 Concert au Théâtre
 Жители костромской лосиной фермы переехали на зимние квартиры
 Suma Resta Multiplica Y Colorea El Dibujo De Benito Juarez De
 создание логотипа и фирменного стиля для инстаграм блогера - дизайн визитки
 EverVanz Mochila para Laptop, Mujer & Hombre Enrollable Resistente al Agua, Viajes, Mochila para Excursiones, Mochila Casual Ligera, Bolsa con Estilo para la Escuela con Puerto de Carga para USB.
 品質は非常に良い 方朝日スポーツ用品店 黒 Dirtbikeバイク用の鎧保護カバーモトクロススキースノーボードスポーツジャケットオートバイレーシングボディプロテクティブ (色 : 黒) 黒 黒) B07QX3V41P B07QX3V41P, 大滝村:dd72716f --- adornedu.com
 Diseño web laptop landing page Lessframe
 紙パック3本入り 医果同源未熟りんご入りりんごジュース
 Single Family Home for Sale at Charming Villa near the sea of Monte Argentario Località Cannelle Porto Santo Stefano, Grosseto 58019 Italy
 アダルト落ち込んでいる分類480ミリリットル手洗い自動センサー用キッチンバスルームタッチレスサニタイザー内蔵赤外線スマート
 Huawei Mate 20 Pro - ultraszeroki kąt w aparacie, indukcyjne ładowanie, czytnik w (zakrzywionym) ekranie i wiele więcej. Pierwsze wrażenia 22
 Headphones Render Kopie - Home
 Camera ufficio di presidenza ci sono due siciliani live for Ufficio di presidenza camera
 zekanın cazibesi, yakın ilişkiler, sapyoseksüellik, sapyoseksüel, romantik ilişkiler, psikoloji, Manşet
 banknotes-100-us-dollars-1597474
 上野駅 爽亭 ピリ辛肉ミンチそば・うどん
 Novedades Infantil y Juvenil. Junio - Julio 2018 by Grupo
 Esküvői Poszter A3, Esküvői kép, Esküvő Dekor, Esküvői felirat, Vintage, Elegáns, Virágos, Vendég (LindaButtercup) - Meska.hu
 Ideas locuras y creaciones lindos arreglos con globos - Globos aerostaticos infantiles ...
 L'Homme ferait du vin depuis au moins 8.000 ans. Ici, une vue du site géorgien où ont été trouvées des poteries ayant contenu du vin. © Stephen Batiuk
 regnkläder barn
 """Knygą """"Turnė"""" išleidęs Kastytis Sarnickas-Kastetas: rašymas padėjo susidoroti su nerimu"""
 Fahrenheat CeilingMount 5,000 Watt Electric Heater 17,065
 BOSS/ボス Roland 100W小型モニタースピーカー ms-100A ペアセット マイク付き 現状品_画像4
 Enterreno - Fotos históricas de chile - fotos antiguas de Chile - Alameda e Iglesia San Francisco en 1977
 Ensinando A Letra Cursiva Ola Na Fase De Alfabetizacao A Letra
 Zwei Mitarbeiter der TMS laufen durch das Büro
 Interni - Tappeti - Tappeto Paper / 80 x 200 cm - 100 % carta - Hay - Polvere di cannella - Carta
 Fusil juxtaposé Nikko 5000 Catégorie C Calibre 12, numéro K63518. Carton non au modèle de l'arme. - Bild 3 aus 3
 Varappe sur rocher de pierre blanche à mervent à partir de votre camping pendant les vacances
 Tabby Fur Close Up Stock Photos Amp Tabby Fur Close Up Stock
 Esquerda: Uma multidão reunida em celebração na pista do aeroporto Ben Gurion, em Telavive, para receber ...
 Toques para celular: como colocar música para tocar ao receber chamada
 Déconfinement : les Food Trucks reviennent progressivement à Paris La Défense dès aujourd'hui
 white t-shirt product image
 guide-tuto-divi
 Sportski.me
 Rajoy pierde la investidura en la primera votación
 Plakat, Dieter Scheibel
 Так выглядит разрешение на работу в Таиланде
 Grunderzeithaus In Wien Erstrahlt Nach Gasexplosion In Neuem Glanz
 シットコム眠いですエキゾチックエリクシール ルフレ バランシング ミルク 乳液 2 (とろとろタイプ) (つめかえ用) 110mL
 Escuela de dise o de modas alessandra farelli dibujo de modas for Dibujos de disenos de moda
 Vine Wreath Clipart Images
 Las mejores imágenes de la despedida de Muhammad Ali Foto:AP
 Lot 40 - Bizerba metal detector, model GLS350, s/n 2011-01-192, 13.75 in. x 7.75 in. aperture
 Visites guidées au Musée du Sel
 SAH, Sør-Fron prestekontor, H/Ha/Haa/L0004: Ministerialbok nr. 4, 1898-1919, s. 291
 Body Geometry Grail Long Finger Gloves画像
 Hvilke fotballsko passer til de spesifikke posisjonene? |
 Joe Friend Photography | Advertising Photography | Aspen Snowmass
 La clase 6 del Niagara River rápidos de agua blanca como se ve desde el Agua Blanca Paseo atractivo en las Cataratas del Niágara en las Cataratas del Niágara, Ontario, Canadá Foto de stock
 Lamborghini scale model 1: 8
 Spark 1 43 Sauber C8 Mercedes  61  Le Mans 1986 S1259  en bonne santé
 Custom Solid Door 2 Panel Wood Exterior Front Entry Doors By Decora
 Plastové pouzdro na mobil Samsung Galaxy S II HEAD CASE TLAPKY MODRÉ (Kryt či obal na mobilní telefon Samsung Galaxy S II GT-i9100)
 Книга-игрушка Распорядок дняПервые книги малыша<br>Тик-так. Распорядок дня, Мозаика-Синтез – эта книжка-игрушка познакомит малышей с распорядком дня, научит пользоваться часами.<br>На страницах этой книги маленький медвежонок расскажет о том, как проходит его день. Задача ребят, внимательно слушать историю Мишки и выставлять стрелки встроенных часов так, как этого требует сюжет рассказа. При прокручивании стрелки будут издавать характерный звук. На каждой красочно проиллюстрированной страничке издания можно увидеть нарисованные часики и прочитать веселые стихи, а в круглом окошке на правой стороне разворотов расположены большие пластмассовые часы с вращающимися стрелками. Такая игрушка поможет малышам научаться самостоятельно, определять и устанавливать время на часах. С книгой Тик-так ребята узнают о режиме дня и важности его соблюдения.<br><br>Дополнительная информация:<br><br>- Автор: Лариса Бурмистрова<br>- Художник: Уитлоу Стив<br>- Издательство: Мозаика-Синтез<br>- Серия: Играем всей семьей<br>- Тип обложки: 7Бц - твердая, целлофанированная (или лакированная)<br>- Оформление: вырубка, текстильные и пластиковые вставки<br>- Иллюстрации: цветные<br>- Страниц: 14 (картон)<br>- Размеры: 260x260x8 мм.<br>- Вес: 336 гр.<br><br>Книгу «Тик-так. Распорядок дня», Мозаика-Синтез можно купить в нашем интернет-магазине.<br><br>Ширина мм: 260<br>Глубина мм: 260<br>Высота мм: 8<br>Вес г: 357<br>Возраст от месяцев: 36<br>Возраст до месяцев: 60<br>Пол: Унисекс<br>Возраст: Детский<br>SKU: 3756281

▶ _Directions_
Copy each line of the data above that holds "como".

▶ _Written answer_
 Toques para celular: como colocar música para tocar ao receber chamada
 La clase 6 del Niagara River rápidos de agua blanca como se ve desde el Agua Blanca Paseo atractivo en las Cataratas del Niágara en las Cataratas del Niágara, Ontario, Canadá Foto de stock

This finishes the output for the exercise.